▸ **WHAT THIS TASK INVOLVES**
Look through the entries below, please, and copy every line with the word "being".

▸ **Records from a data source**
──────
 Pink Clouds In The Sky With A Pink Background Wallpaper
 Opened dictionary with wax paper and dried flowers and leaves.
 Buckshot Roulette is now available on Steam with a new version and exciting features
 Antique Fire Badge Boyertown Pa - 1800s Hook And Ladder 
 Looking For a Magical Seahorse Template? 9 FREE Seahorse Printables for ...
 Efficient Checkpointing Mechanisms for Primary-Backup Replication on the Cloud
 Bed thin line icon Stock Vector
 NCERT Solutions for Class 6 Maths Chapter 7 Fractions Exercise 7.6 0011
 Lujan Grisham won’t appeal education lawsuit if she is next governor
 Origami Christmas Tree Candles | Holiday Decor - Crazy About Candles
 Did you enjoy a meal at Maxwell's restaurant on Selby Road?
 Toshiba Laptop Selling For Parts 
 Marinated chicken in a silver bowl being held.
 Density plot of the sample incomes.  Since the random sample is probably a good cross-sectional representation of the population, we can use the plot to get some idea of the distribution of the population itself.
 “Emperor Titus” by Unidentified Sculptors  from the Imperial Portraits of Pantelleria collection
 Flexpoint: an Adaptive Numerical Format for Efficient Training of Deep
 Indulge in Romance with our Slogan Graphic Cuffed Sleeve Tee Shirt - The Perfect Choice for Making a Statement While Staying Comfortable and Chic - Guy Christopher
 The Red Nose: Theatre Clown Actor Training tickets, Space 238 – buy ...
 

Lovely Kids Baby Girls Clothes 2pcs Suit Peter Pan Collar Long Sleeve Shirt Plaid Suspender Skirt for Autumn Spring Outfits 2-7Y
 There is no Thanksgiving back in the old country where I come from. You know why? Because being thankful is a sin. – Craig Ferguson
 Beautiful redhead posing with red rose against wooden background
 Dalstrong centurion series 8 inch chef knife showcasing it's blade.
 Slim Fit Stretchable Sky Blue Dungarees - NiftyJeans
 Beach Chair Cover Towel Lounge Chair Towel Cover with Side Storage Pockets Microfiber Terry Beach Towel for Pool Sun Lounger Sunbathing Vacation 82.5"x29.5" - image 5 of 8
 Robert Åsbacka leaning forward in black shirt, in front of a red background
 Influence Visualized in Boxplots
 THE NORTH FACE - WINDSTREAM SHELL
──────
▸ **ANSWER BOX**
 Marinated chicken in a silver bowl being held.
 There is no Thanksgiving back in the old country where I come from. You know why? Because being thankful is a sin. – Craig Ferguson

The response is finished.